Non fu difficile notare il suo cambiamento. D'un tratto si fece più schivo, silenzioso, timido. Restava sempre attaccato al fianco di Armin, che aveva sempre quell'aria a metà tra il soddisfatto ed il protettivo. Mikasa e tutti gli altri diedero la colpa di ciò al fatto che, dovendo loro sparire a breve, Eren avesse intenzione di allontanarsi da loro per soffrire di meno. Loro comunque non smisero di tentare di avvicinarlo, perché ciò non spiegava perché avesse smesso di parlare anche con Annie o perché invece parlasse con Armin. Ma a guardarlo bene no, non parlava neanche con lui. Era sempre Armin a prendere l'iniziativa e anche lì Eren faceva solo dei piccoli movimenti con il capo, per poi essere stretto dalle braccia di Armin che Mikasa non ricordava fossero mai state così possessive.

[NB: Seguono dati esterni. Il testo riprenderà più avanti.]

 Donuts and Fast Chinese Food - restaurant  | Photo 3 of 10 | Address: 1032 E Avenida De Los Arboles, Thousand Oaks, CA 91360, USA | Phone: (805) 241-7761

Regola numero 2: Eren deve sempre ubbidire ad Armin. Qualunque sia l'ordine è da seguire, perché Armin sa quel che è meglio e ciò che tiene Eren al sicuro.

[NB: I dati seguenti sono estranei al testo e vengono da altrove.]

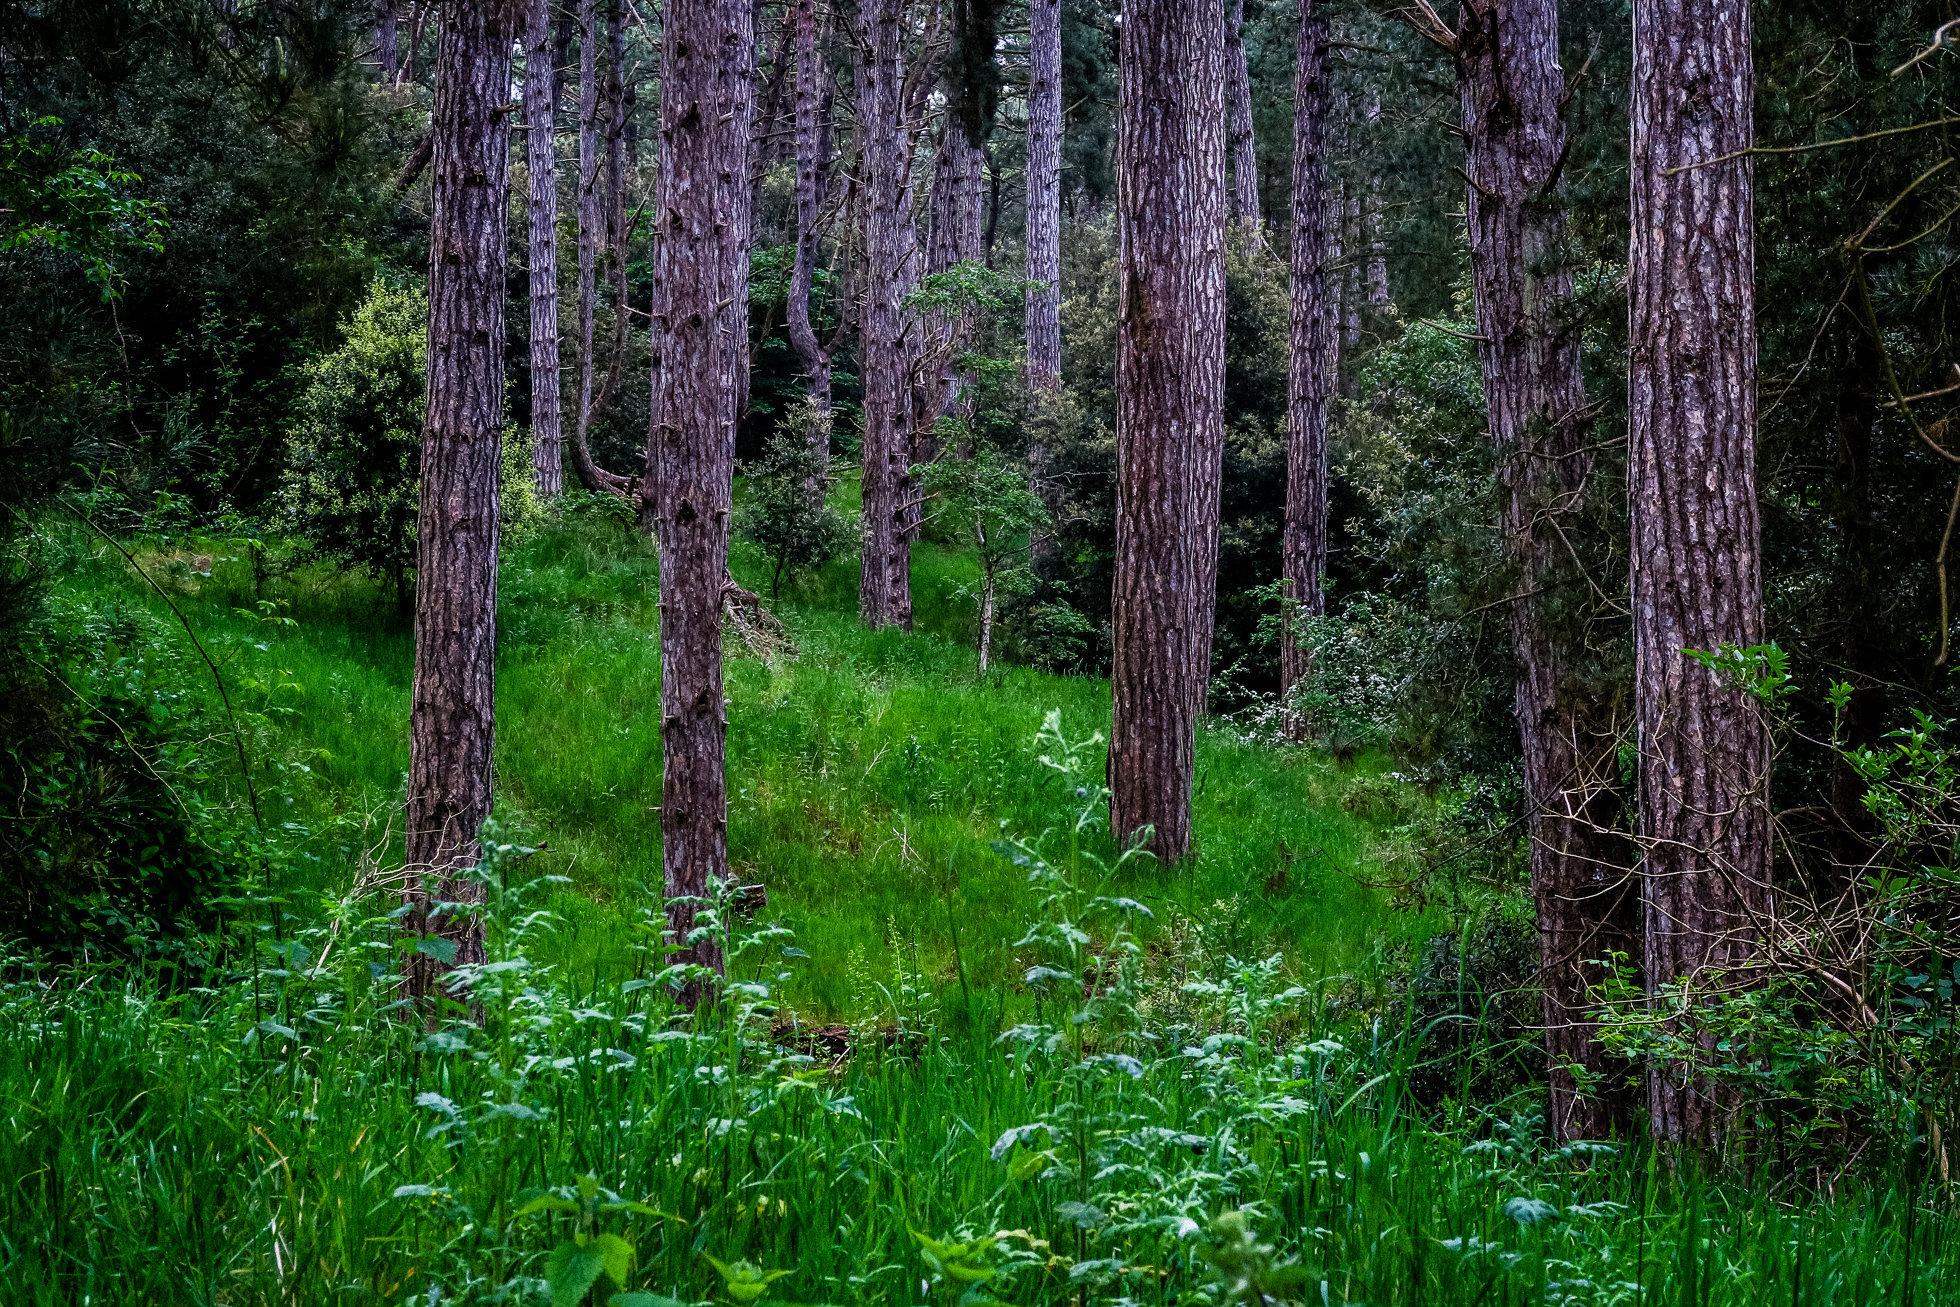 The_Wood-1393.jpg

Eren, rifletteva, sembrava un cagnolino. Lo era sempre sembrato, con Levi e tutto il resto, ma lì, curvo sotto l'ombra di Armin, non sembrava poi tanto contento di assomigliarvici. Ma, ad essere onesti, Eren non sembrava mai contento. E di ciò se ne accorsero i professori, i genitori, il preside. E nonostante ciò nessuno faceva nulla. Perché quell'inquietante eppure angelico sorriso che Armin offriva destabilizzava chiunque fosse a meno di un metro di distanta da Eren, i quali occhi non vedevano mai nulla di ciò che accadeva intorno a lui, sempre puntati versi il basso.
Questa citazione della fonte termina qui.